Solution	Use the `inspect` errand to determine which instance can be the leader. Then, using the orchestration errands and backup/restore, you can put the service instance into a safe topology, and then rerun the `configure-leader-follower` errand. This is shown in the following example. This example shows one outcome that the `inspect` errand can return: Use the `inspect` errand to retrieve relevant information about the two VMs: $ bosh -e my-env -d my-dep run-errand inspect [...] Instance mysql/4ecad54b-0704-47eb-8eef-eb228cab9724 Exit Code 0 Stdout - Stderr 2017/12/11 18:25:54 Started executing command: inspect 2017/12/11 18:25:54 Started GET https://127.0.0.1:8443/status 2017/12/11 18:25:54 Has Data: false Read Only: true GTID Executed: 1d774323-de9e-11e7-be01-42010a001014:1-25 Replication Configured: false Instance mysql/e0b94ade-0114-4d49-a929-ce1616d8beda Exit Code 0 Stdout - Stderr 2017/12/11 18:25:54 Started executing command: inspect 2017/12/11 18:25:54 Started GET https://127.0.0.1:8443/status 2017/12/11 18:25:54 Has Data: true Read Only: true GTID Executed: 1d774323-de9e-11e7-be01-42010a001014:1-25 Replication Configured: true 2 errand(s) Succeeded In the previous scenario, the first instance is missing data but does not have replication configured. The second instance has data, and also has replication configured. The following instructions resolve this by copying data to the first instance, and resuming replication. Take a backup of the second instance using the Create a VMware SQL with MySQL for TAS Logical Backup steps. Restore the backup artifact to the first instance using the Restore from a VMware SQL with MySQL for TAS Logical Backup steps. At this point, the instances have equivalent data. Run the `configure-leader-follower` errand to reconfigure replication: `bosh -e ENVIRONMENT -d DEPLOYMENT \ run-errand configure-leader-follower \ --instance=mysql/GUID-OF-LEADER` For example: $ bosh -e my-env -d my-dep \ run-errand configure-leader-follower \ --instance=mysql/4ecad54b-0704-47eb-8eef-eb228cab9724

Both Leader and Follower Instances are Writable
Symptom	This problem happens when the `configure-leader-follower` errand fails because both VMs are writable and the VMs might hold differing data. The `configure–leader-follower` errand exits with `1` and the errand logs contain the following: $ Both mysql instances are writable. Please ensure no divergent data and set one instance to read-only mode.

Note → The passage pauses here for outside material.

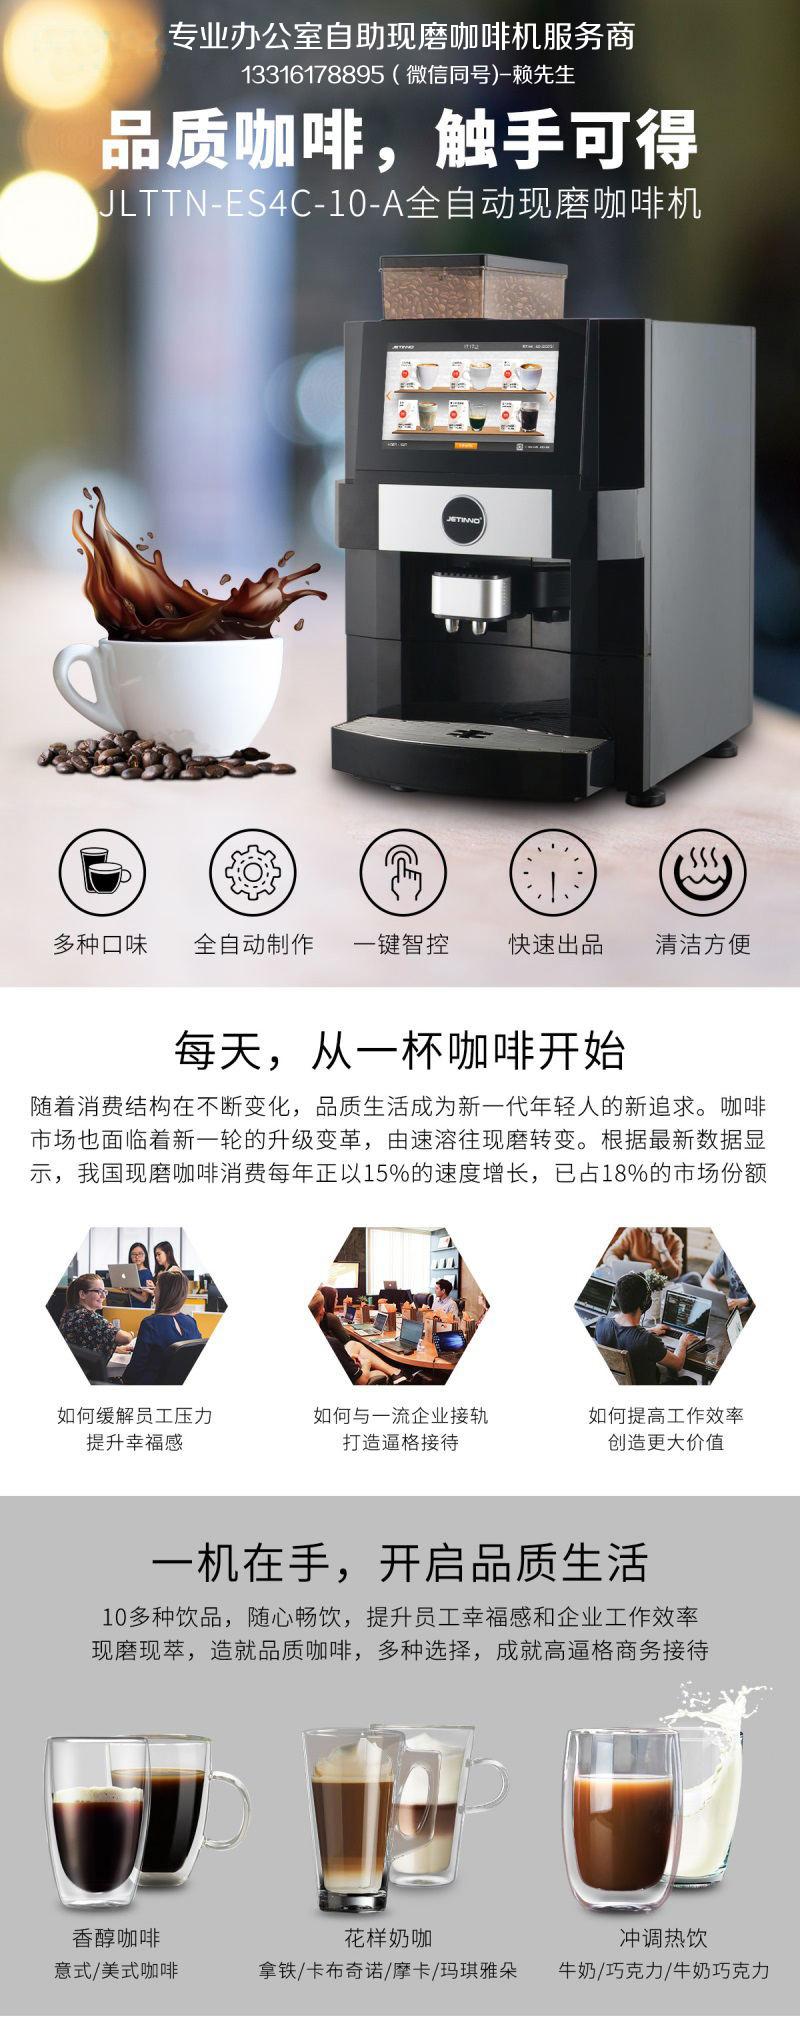 自动咖啡机,无人咖啡机,办公室咖啡机,自动咖啡机公司,自动咖啡机多少钱一台
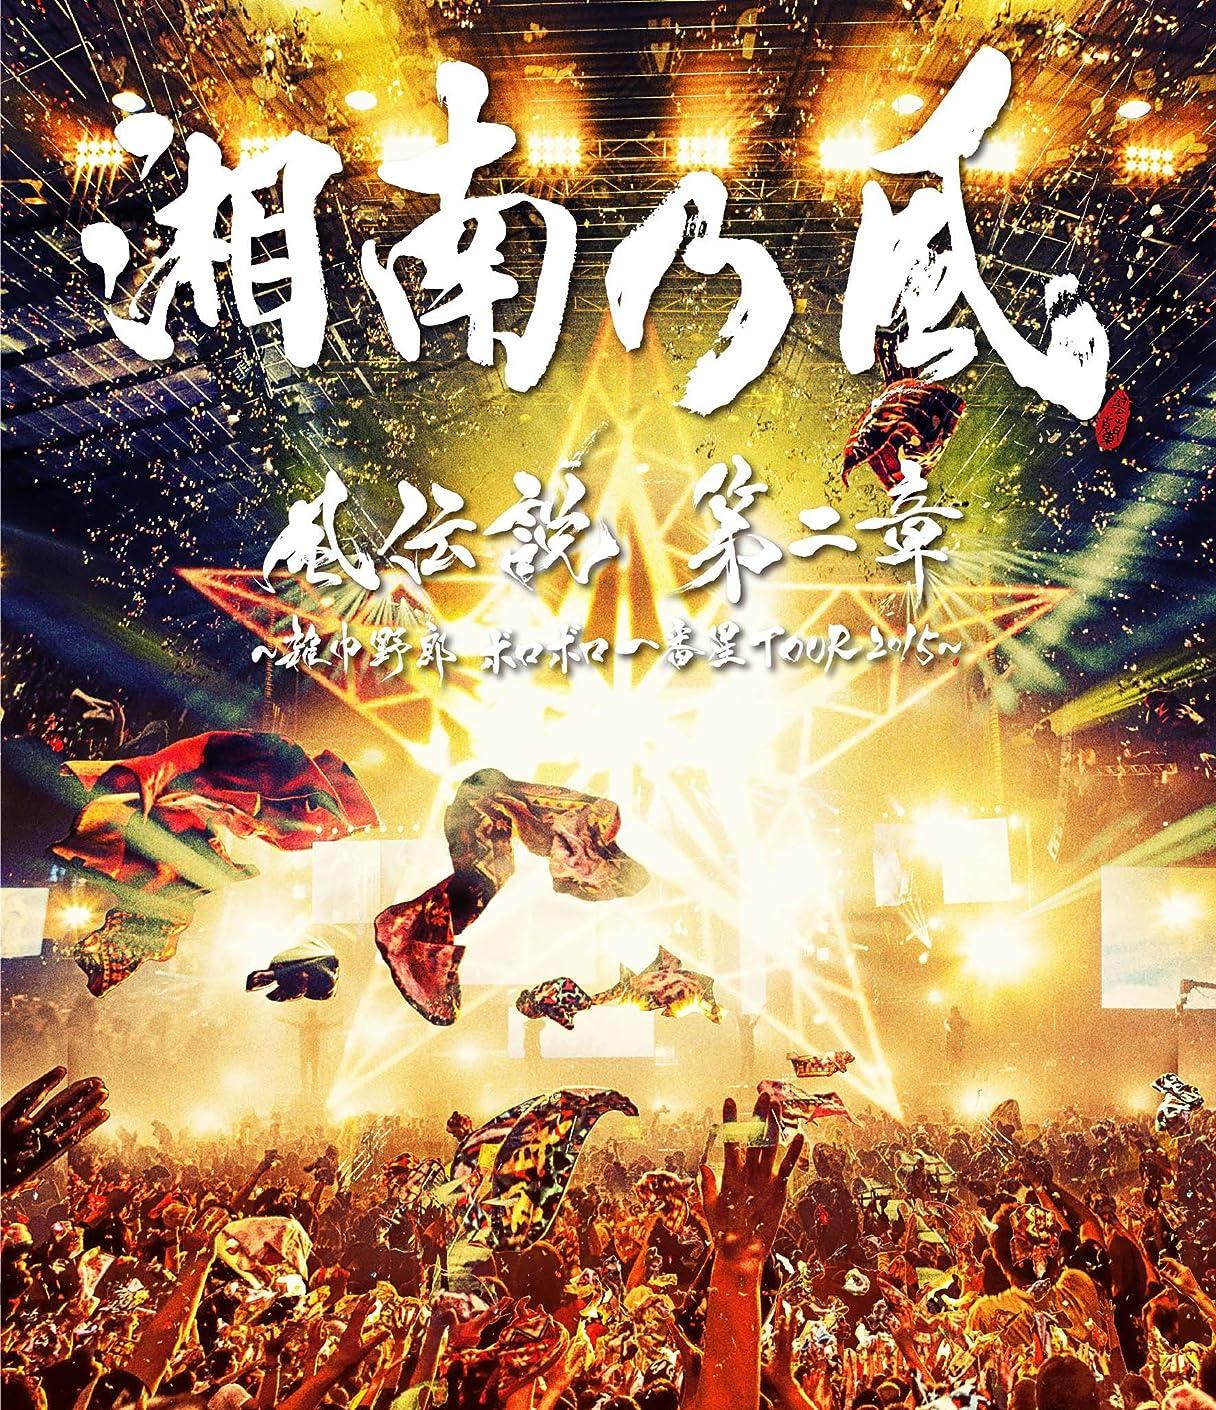 悔い改める合意取り扱い「風伝説 第二章~雑巾野郎 ボロボロ一番星TOUR2015~」(初回生産限定盤)(CD付) [Blu-ray]

Cause	VMware SQL with MySQL for TAS tries to ensure that there is only one writable instance of the leader-follower pair at any given time. However, in certain situations, such as network partitions, or manual intervention outside of the provided bosh errands, it is possible for both instances to be writable. The service instances remain in this state until an operator resolves the issue to ensure that the correct instance is promoted and reduce the potential for data divergence.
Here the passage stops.